I try not to differentiate. Certainly Islam is currently the worst, but I see no difference between what is done it its name and what idiots like Rick Santorum believe. The only difference is that fundamentalist Islam currently has political clout and mob-support which just-as-fundamentalist Christians wish they had.
If the only message you read in my post was that which was conveyed by the one paragraph where I specifically talked about Islam, you need to lay some preconceptions aside and reread the whole thing.
On rereading, that last paragraph comes across a lot harsher than meant. Apologies!
No, I did read the complete post and no doubt all those acts are vile as killing for no reason is obviously vile. But, the number of women who were killed because of Islam are way more than Christianity or Judaism. Even today in Islamic countries women (not to forget girls as young as 12) are killed for crimes they did not commit – getting raped, refusing marriage, divorcing etc. Abrahamic religions always killed in the name of their religion. Pagans were much decent compared to the crap these three religions sprout. But I think the world would have been better without any religion.
As for my comment, Islam is the evil and violent cult ever and I know that because had I admitted that I lost my faith to my family when I was with them, I doubt I would be here typing this message.
It is not harsh but my hatred towards Islam is much more than Christianity and Judaism so I might have come off as particular to that religion overlooking the crimes the other religion also did.
Islam is like an ugly, violent, sadistic and deplorable being covered up by the ‘Burka’ and giving ‘laws’ like – hatred, superiority, inequality, polygamy, child marriages, murders, terrorism, etc. Now, don’t they say Burka is a decent attire for modesty and purity?
It’s worth remembering here that Nazism and Stalinism were also cults. But sticking to religious cults, which would you think Hana Williams would have pointed to, if asked in her last moments? Or Giodarno Bruno? What do you think the USA would look like, if Rick Santorum got his hands on some real power?

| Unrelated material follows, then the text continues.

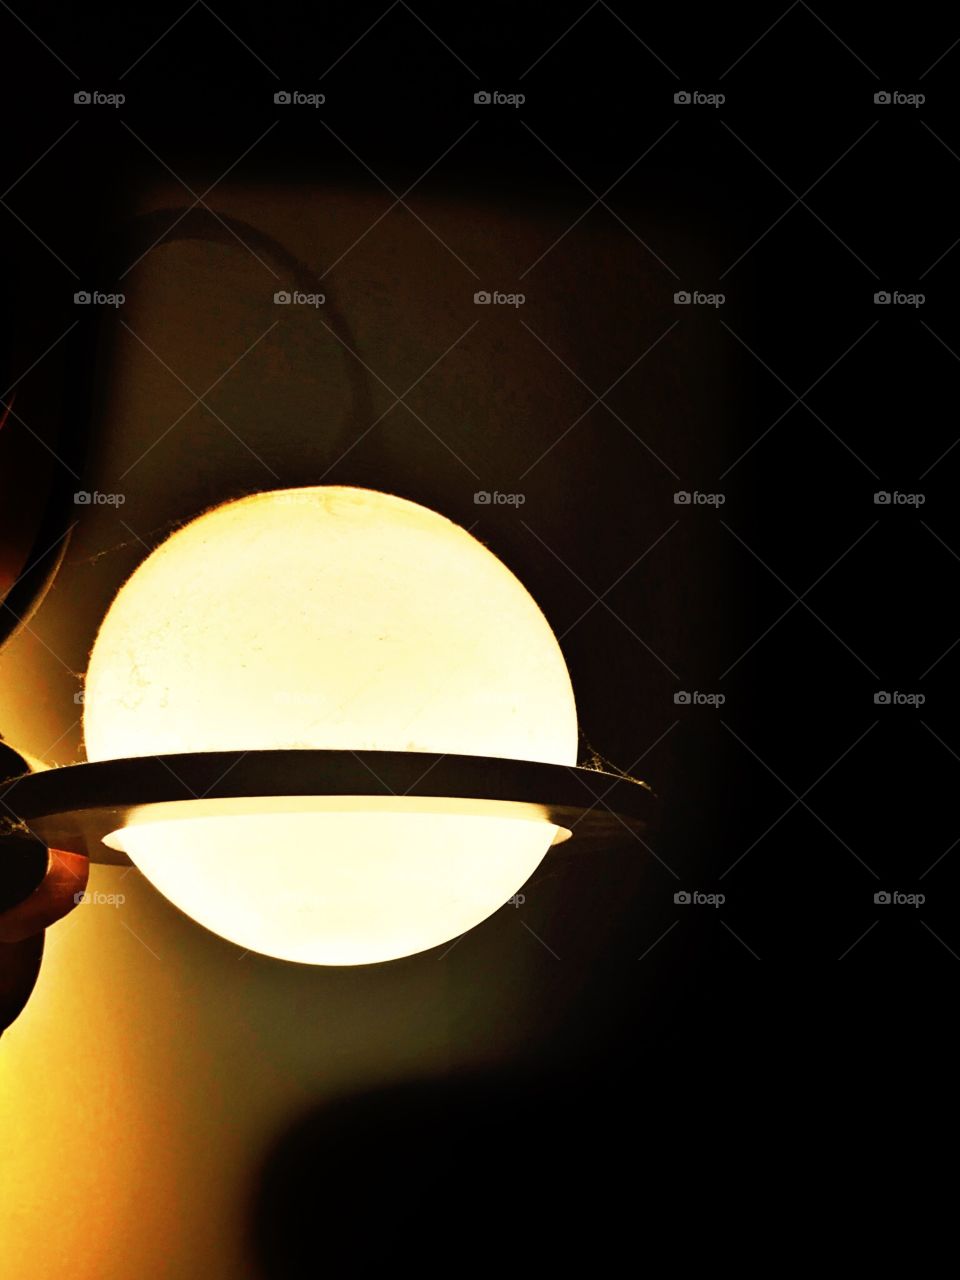 Night photography.

A hanging wall lamp ...

I’m not saying Islam isn’t, considered as a whole, the worst offender at the moment, just that it’s easy to forget that Christianity would be—and has been— just as bad, given the power-base. Ditto Judaism: just look at the treatment of native non-Jewish Palestinians.

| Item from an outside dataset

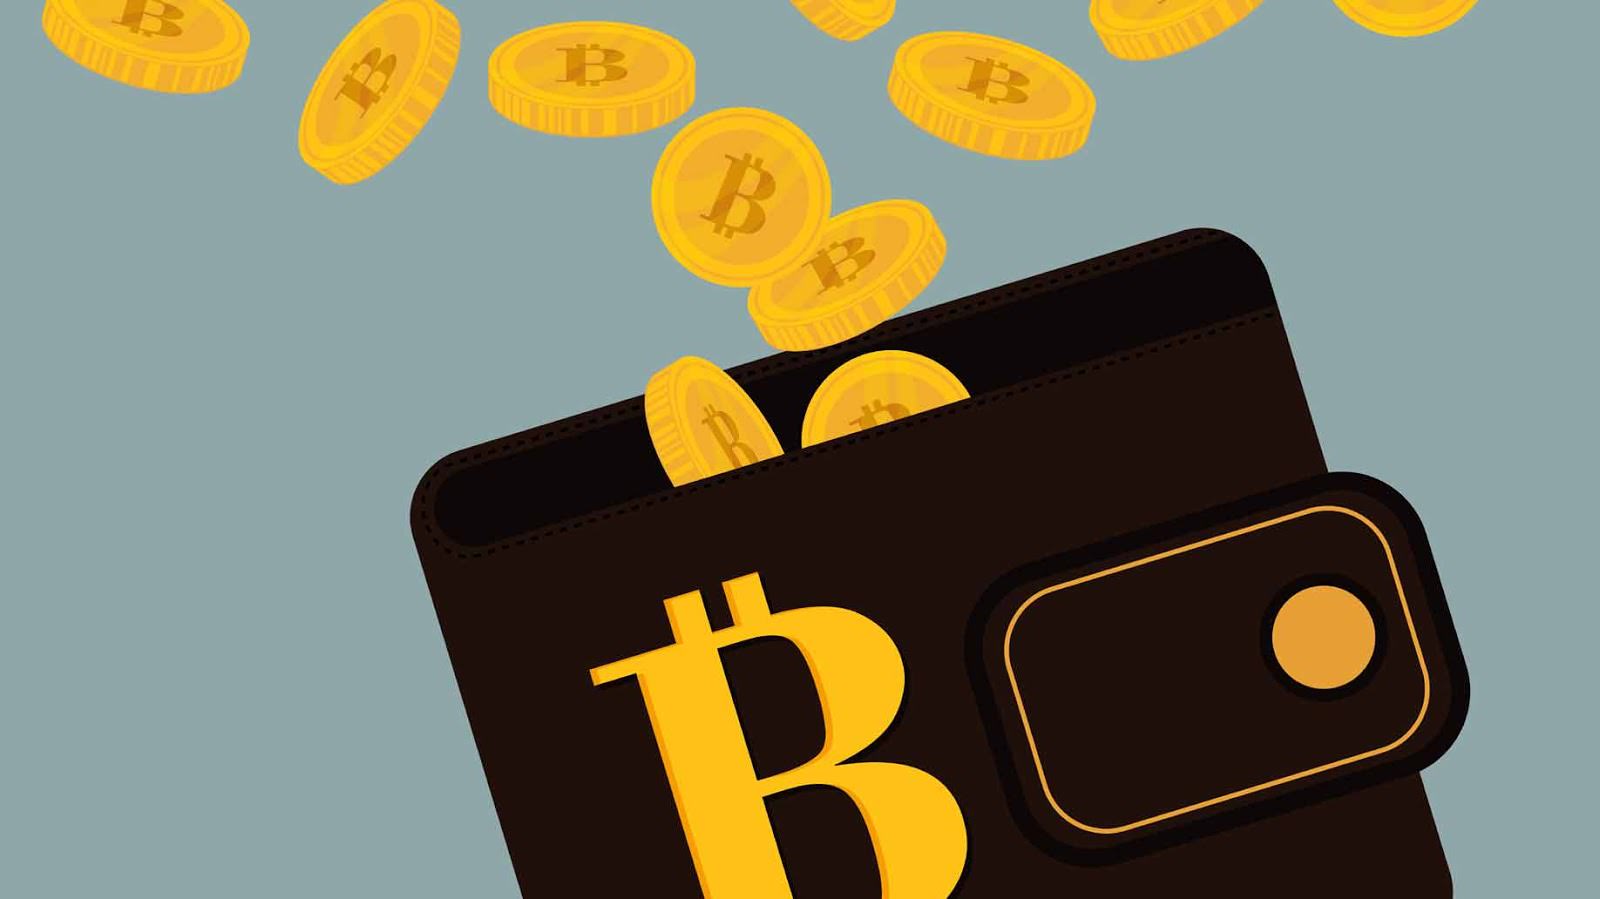 Where to buy bitcoin with low fees

It’s a major problem with all religion; give the church in question a whiff of power, and it starts imposing its dogma by force. The more power, the more force.
You are right. I am not saying that other cults were any better than Islam is. But there is one difference; in developed societies religious crimes have reduced to a great number. Religion has adapted to the morality humans have been looking for since the beginning. Islam – no change but becomes worse with each passing day. Religions are man made crap for ego and power hunger men who stop at nothing. Religions just separate and impose. Distaste for all religions is there, for me, but my hatred for Islam is a little too personal
I’ve read your blog, and, frankly, I’m damned impressed that you can be so cool about it. I find it very hard to write about stuff that touches on certain issues from my own childhood (not religion-related).
What I try to do when writing about the religious ‘mentality’, I suppose we could call it, is stay non-specific. The ‘take it on faith’ mentality that the article above is about is common to all, so I try to keep it general.
What do you mean by saying that faith is not a virtue?
In my 11 years in school, every single time I’ve written an essay on “The Failing Moral Values of Teenagers”, “Corruption of Local/Eastern Cultures” in government school, I’ve answered that religious faith is the solution, just like my friends! And we get good marks in our essays for that!
Checkmate, you immoral atheist!
Ah, Pascal’s lesser known second wager: “Do you want to pass this course…?”
It is probably because women under maniac rules and laws suffer the most. Okay, so not all women as most of them feel it is a blessing to be dependent and covered up in a garbage bag but I was not amongst such women. To be denied to live as a human was injurious and for a long time, I wanted to let these feelings be known. But I am (was?) a lazy blogger so it never worked out
Couldn’t have said it better myself.